Newswise — A study by researchers at the University of Chicago Medicine shows that when mice that are genetically susceptible to developing inflammatory bowel disease (IBD) were given antibiotics during late pregnancy and the early nursing period, their offspring were more likely to develop an inflammatory condition of the colon that resembles human IBD.
The antibiotic treatment also caused lasting changes in the gut microbiome of mothers that were passed on to their offspring. While their offspring developed disease, adult mice given antibiotics did not see an increase in IBD. This suggests that the timing of antibiotic exposure is crucial, especially during the early developmental period after birth when the immune system is undergoing maturation.
“The newborn mice inherited a very altered, skewed population of microbes,” said Eugene B. Chang, MD, Martin Boyer Professor of Medicine at the University of Chicago, Director of the Microbiome Medicine Program of the Microbiome Center, and senior author of the study, published this week in the journal Cell Reports. “None of the mothers developed IBD, but even though they had the same genetic background, the offspring with an altered microbiome during this critical period of immune development became highly susceptible to the development of colitis.”
Chang cautioned, however, that these results from an animal study should not be taken as a reason for pregnant women or those nursing newborn infants to avoid antibiotics when they are needed to treat dangerous bacterial infections.
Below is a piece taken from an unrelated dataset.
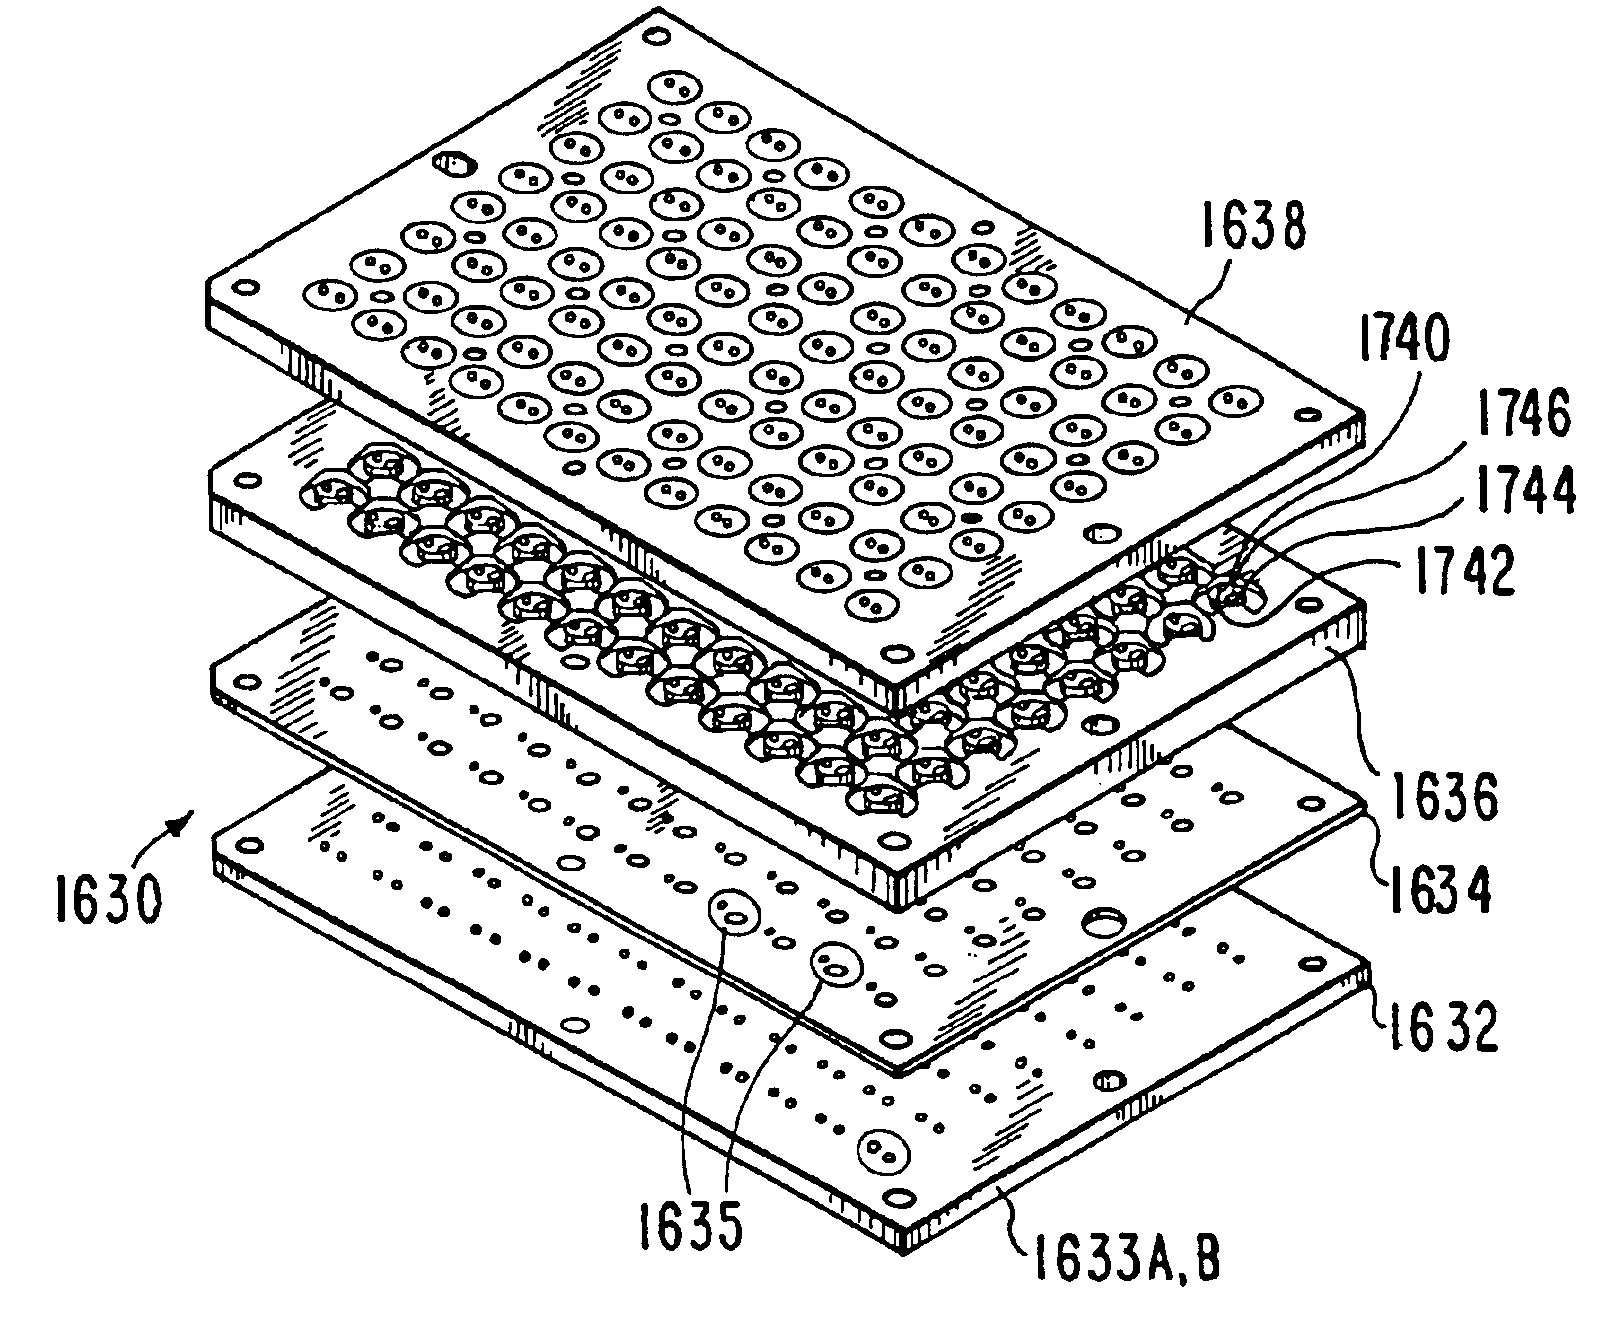 Apparatuses and methods for creating and testing pre-formulations and systems for same

Instead, he said, it should serve as a reminder that best practices dictate avoiding casual, indiscriminate over usage ‘just to be safe’, say, for a common cold that is most likely caused by a virus.
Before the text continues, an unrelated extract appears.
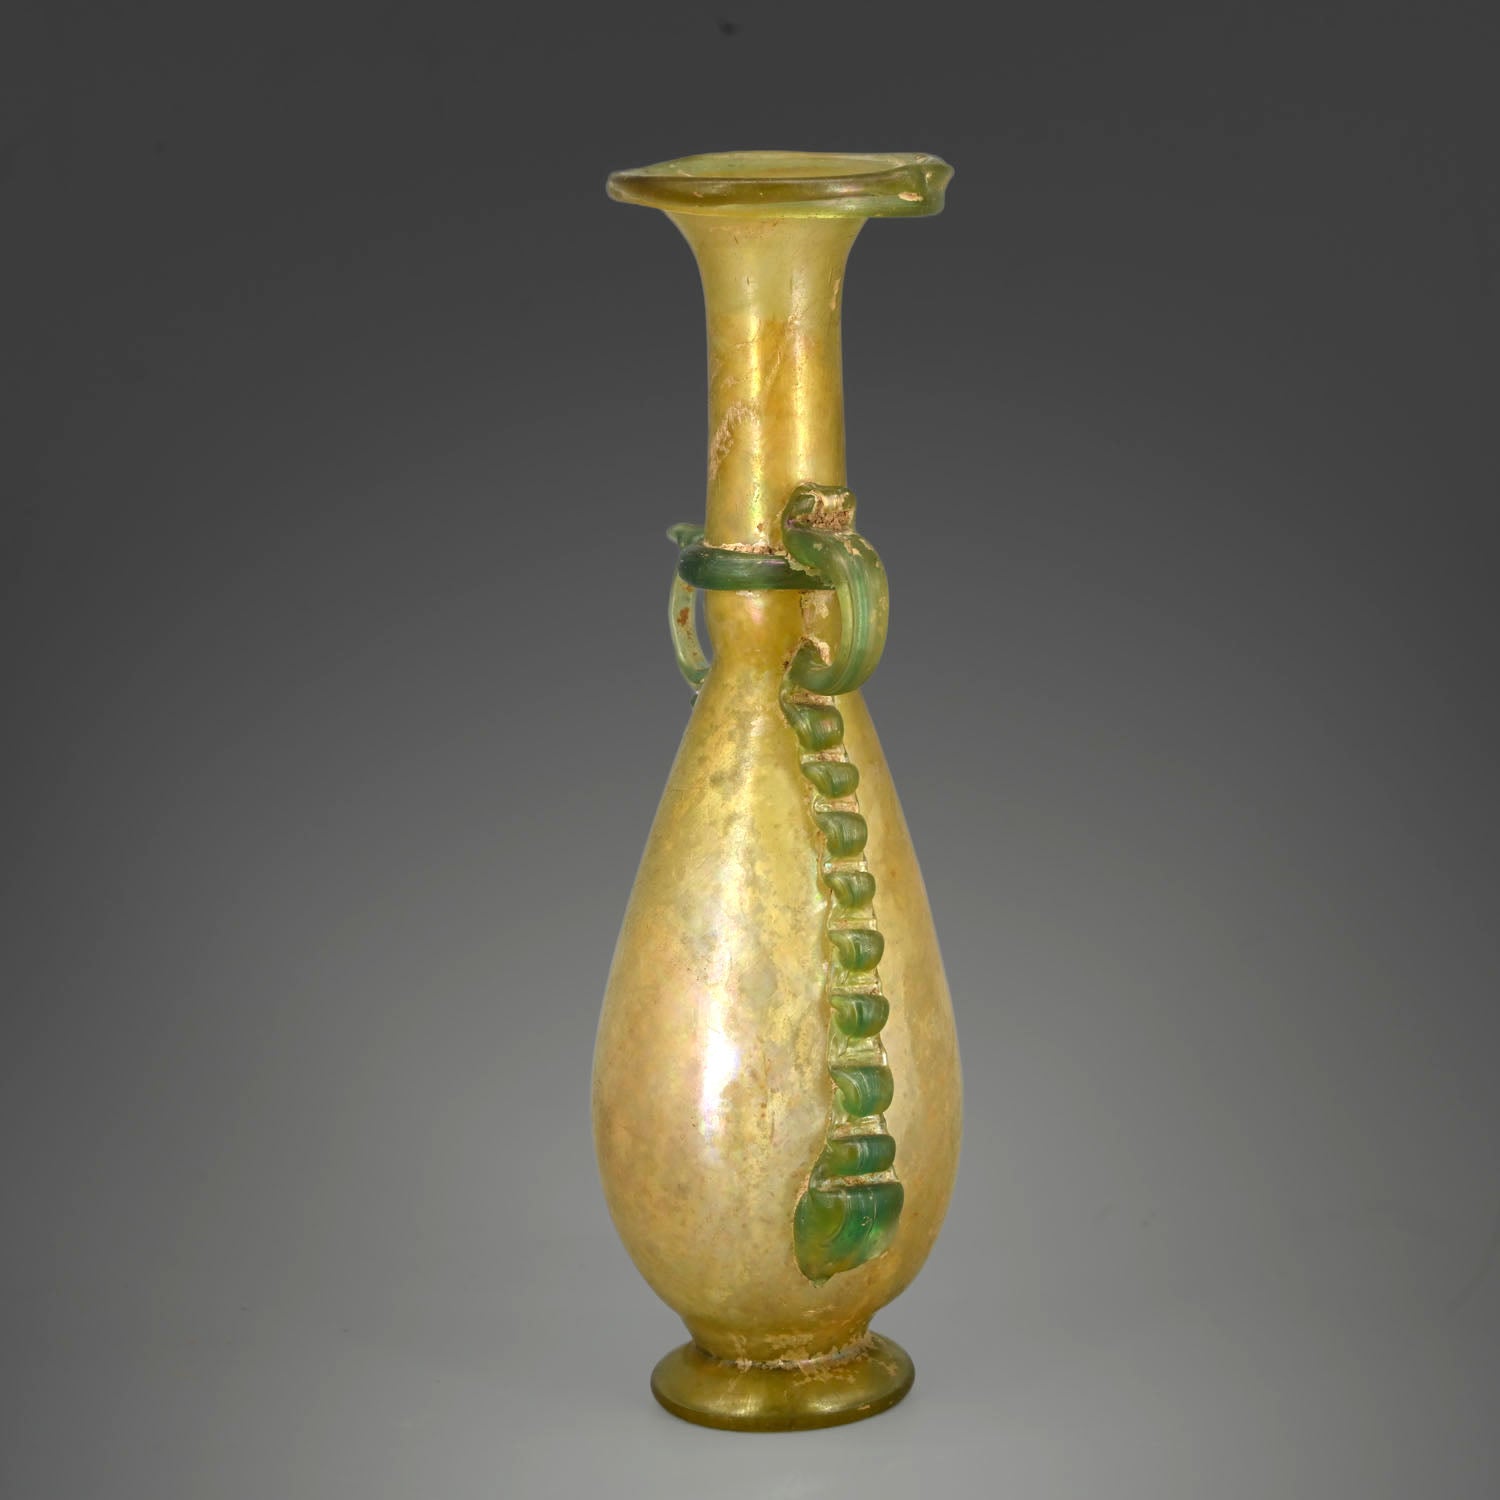 A fine Roman iridescent green/amber glass Amphoriskos, Late Imperial or Early Byzantine, ca. 3rd - 4th century CE

“Antibiotics should absolutely be used judiciously when they’re indicated,” Chang said. “But we as physicians should keep in mind the importance of antimicrobial stewardship, because this study suggests that it may have long term consequences that potentially impact health and risk for certain diseases.”
Lasting changes in the gut microbiome
Several epidemiological studies have suggested that exposure to antibiotics during the peripartum period (late pregnancy and the nursing period after birth) increases the risk for IBD in humans. Direct evidence for this association has been lacking, however, because of vast differences in individual gut microbiomes, challenges in controlling for variables, and the limits of conducting clinical experiments in pregnant women and infants.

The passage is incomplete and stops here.